## WORK INSTRUCTIONS
What's wanted here is the full listing below, repeated exactly, with no images in it.

## GIVEN DATA

★ ★ ★ ★ ★

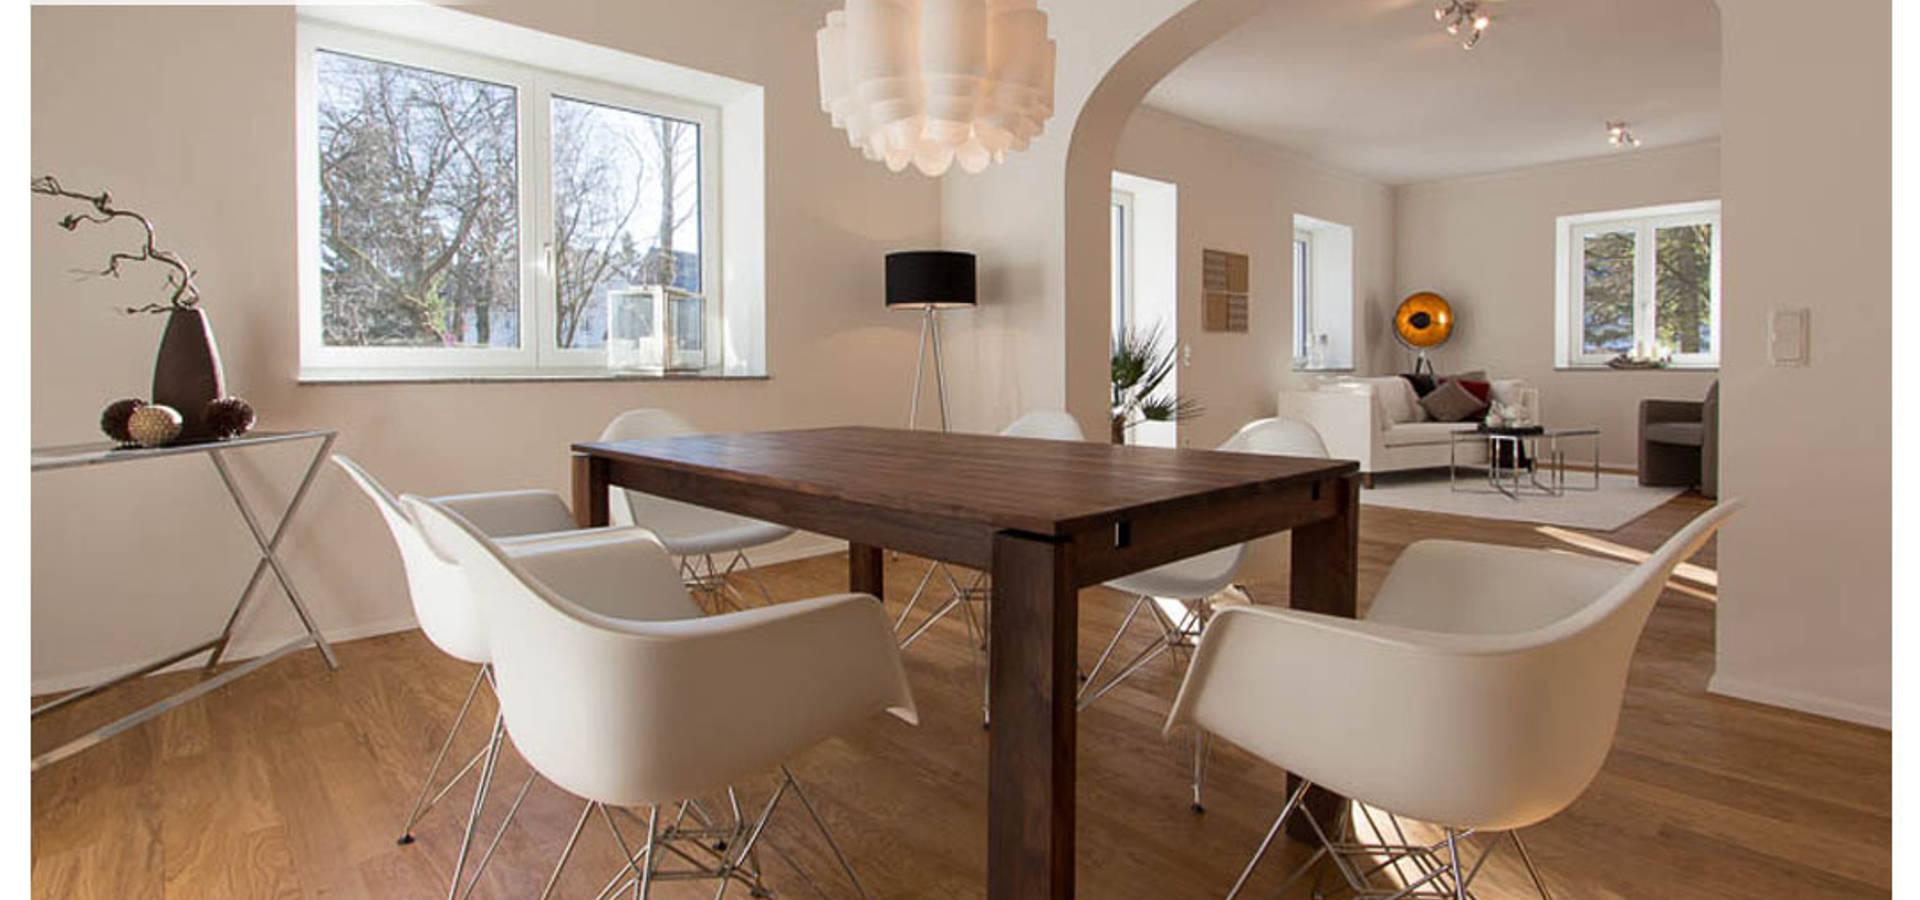 home staging musterwohnung m nchen von m nchner home. Black Bedroom Furniture Sets. Home Design Ideas
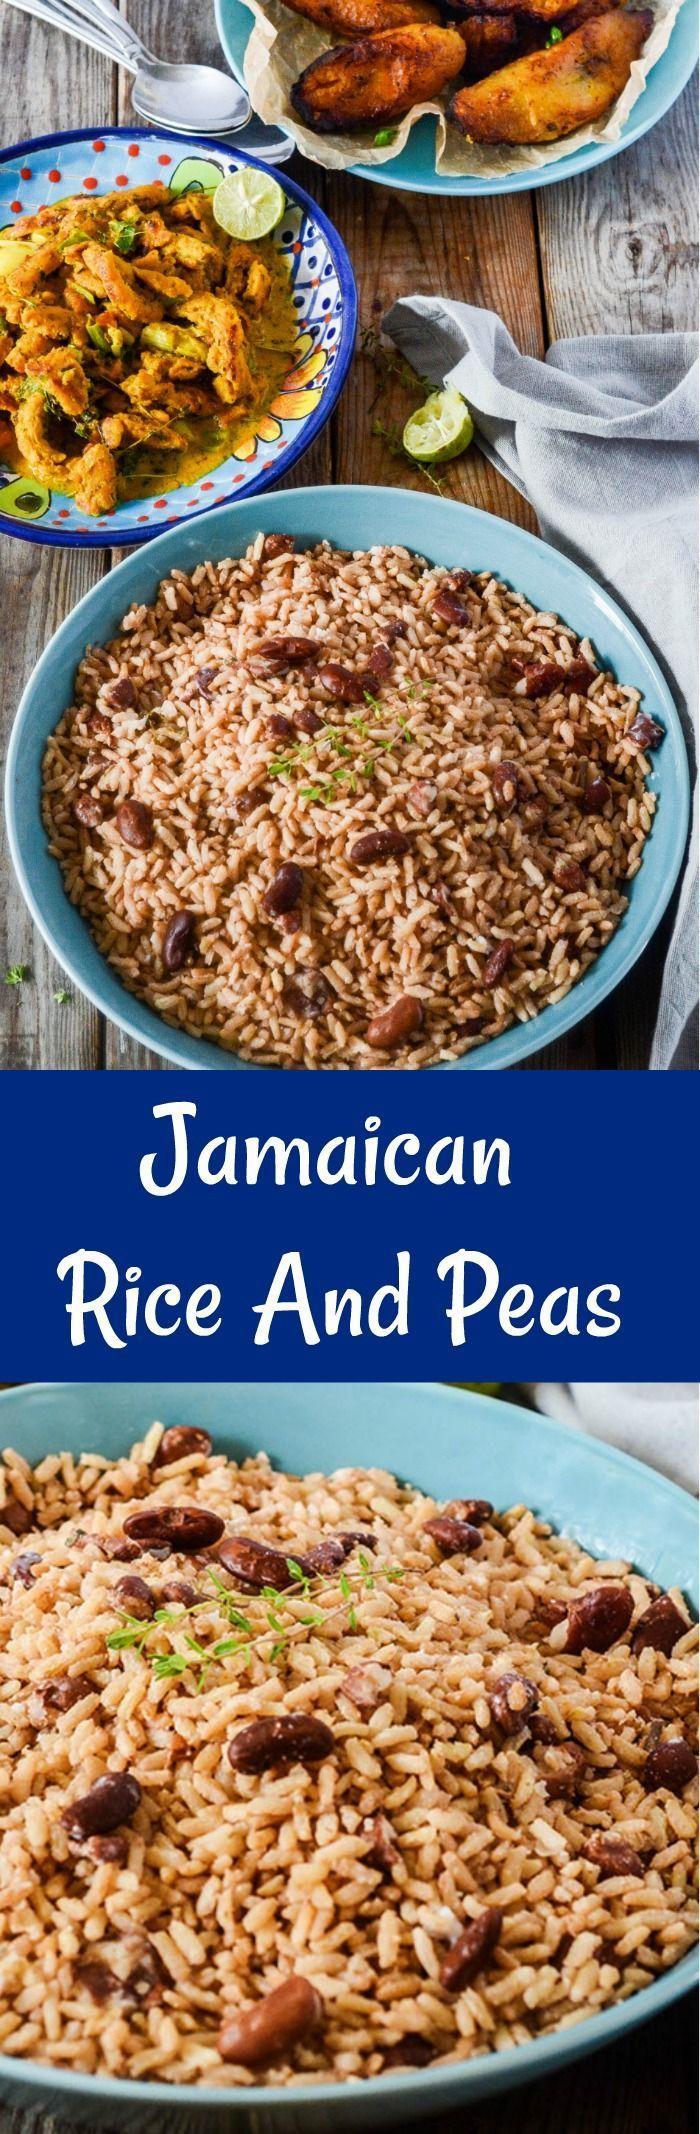 jamaican rice and peas recipe  recipes jamaican rice
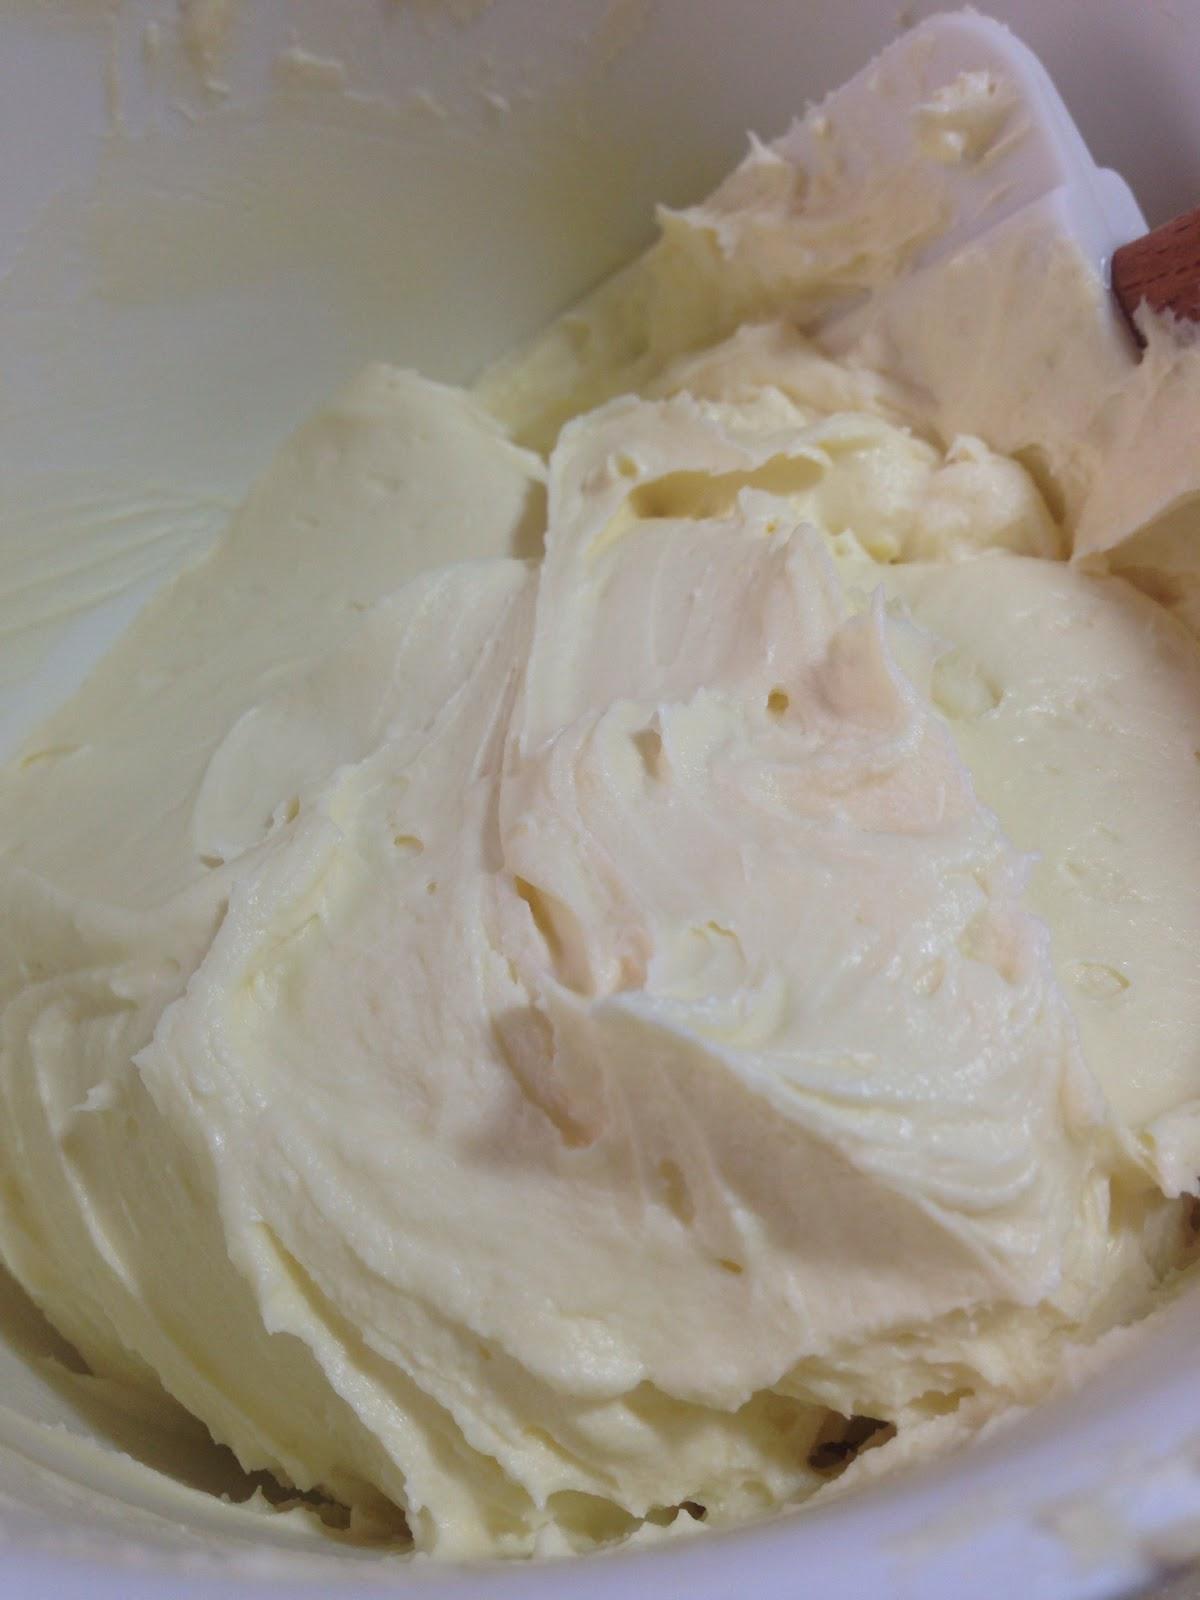 stiff cream cheese frosting
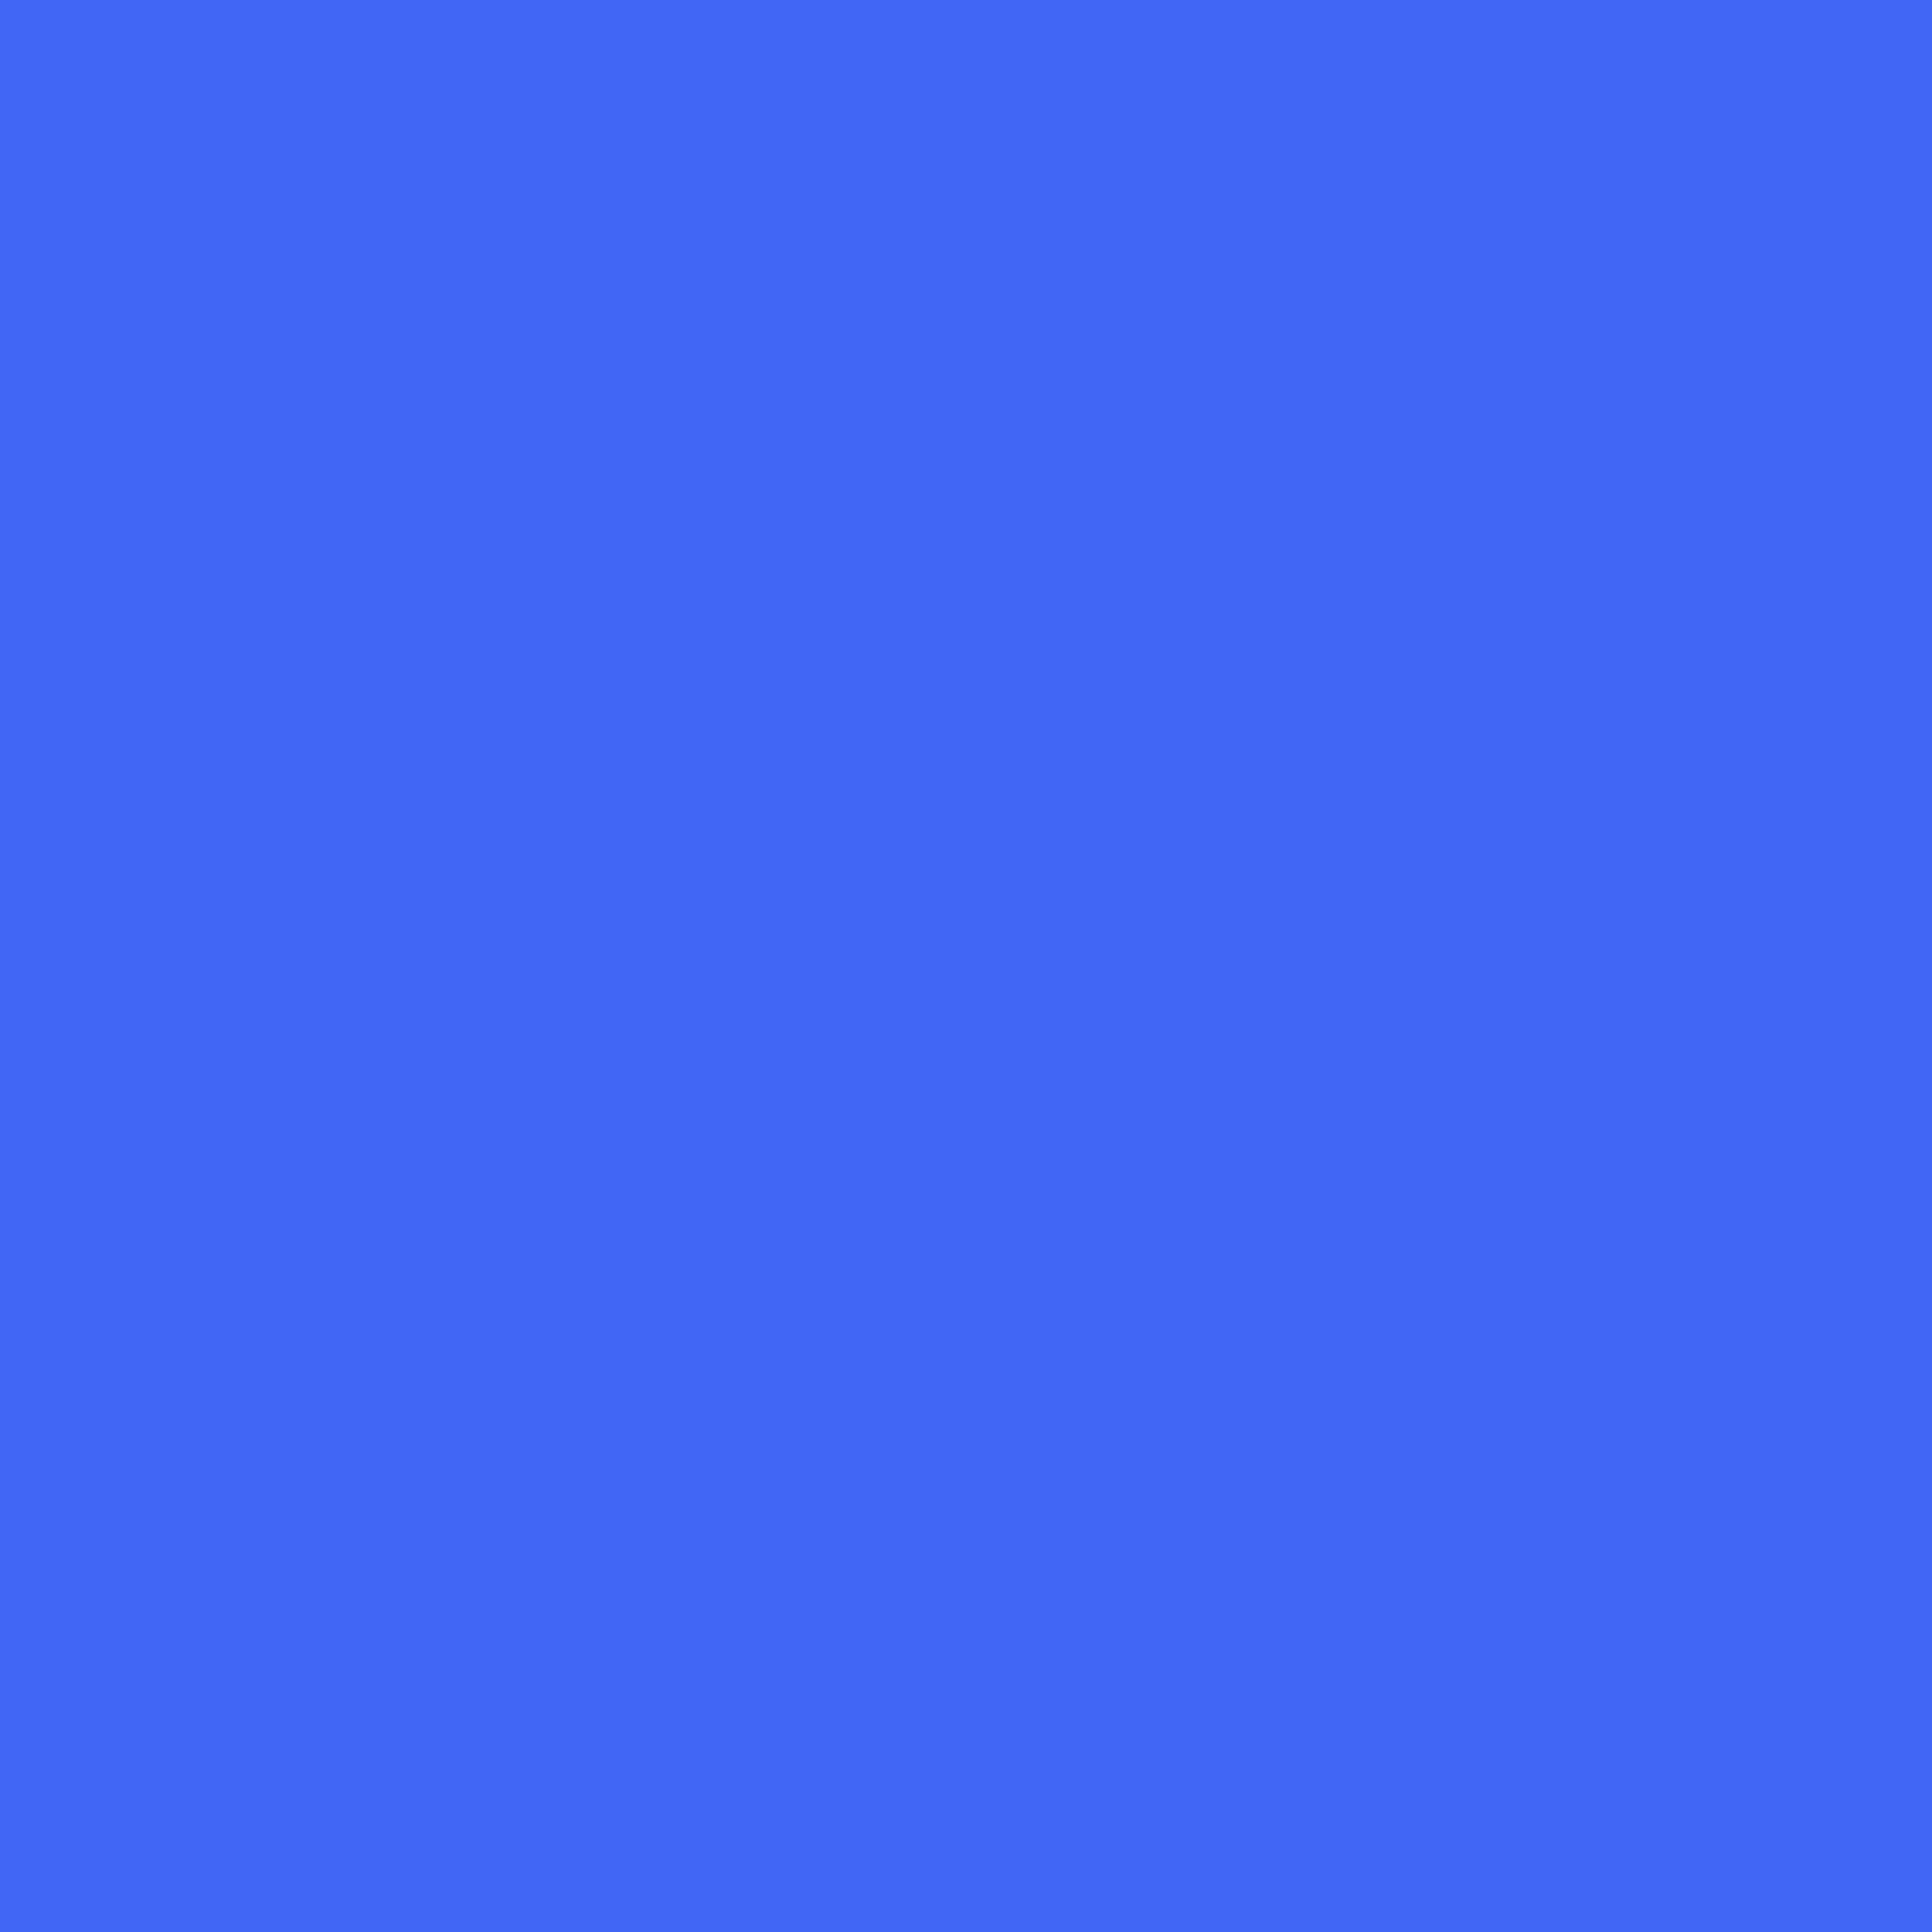 2732x2732 Ultramarine Blue Solid Color Background

★ ★ ★ ★ ★

## TASK SOLUTION
 home staging musterwohnung m nchen von m nchner home. Black Bedroom Furniture Sets. Home Design Ideas
 jamaican rice and peas recipe  recipes jamaican rice
 stiff cream cheese frosting
 2732x2732 Ultramarine Blue Solid Color Background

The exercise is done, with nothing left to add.